Copy out all the lines of the data that hold the word "Stockfoto".

• [DATA TO USE]
##############################

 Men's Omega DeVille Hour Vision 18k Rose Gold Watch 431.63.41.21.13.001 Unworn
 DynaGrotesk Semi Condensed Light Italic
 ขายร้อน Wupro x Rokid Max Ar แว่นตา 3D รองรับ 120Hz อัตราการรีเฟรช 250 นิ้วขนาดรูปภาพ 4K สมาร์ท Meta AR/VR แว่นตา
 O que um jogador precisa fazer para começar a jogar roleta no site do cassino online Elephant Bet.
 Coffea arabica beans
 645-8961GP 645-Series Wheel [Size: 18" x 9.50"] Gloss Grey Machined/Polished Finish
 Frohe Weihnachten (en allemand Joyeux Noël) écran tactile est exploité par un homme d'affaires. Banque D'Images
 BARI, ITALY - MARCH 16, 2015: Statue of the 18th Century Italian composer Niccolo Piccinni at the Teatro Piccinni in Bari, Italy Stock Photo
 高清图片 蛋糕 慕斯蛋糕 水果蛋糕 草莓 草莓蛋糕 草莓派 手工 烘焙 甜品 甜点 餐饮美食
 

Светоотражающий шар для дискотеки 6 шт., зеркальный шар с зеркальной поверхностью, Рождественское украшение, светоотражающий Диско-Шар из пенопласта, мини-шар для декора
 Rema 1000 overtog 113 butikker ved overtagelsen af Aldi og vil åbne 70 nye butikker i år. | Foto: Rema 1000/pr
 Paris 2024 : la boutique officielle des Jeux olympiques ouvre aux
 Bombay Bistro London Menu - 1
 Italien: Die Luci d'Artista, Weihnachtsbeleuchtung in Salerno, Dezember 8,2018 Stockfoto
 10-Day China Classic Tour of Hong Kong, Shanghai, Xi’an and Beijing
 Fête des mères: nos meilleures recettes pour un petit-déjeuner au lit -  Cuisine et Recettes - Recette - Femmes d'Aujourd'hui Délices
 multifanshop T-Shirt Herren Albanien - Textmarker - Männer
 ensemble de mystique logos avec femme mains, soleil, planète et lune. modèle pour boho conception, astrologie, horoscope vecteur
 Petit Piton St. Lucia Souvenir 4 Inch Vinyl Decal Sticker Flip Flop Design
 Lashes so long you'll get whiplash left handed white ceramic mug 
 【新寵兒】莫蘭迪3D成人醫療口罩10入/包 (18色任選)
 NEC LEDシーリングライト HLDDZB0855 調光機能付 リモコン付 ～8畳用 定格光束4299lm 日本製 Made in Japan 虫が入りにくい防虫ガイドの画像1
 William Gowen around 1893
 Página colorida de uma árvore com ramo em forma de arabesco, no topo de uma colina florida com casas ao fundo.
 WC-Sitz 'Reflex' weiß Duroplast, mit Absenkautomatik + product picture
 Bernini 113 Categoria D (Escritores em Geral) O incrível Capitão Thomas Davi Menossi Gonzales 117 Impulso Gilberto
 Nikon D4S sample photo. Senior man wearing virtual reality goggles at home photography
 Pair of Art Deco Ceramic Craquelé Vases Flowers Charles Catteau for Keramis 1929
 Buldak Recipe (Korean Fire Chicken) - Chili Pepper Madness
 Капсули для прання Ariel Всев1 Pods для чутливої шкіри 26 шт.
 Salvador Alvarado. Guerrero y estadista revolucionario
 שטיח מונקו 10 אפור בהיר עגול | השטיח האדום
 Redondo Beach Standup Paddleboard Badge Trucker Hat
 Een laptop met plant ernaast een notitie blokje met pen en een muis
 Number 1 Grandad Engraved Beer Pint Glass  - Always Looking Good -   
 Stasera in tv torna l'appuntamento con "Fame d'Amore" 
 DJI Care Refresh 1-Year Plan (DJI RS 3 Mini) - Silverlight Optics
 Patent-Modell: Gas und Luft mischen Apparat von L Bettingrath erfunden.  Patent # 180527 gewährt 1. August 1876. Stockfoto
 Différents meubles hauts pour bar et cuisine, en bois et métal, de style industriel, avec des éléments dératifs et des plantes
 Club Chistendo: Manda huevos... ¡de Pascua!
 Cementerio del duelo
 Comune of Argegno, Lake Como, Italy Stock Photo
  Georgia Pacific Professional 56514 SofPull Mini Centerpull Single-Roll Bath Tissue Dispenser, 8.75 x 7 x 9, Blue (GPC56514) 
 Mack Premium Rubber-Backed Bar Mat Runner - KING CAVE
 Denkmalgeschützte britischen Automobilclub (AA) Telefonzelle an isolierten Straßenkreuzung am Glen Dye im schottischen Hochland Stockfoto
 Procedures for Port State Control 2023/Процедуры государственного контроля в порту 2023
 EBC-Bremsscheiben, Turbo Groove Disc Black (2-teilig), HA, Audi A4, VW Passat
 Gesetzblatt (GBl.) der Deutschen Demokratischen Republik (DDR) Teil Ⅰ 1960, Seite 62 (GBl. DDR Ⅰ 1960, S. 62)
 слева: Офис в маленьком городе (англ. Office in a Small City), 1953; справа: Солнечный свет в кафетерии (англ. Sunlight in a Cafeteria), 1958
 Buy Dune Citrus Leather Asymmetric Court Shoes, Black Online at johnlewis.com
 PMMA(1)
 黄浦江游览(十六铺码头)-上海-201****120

##############################

• [TASK RESPONSE]
 Italien: Die Luci d'Artista, Weihnachtsbeleuchtung in Salerno, Dezember 8,2018 Stockfoto
 Patent-Modell: Gas und Luft mischen Apparat von L Bettingrath erfunden.  Patent # 180527 gewährt 1. August 1876. Stockfoto
 Denkmalgeschützte britischen Automobilclub (AA) Telefonzelle an isolierten Straßenkreuzung am Glen Dye im schottischen Hochland Stockfoto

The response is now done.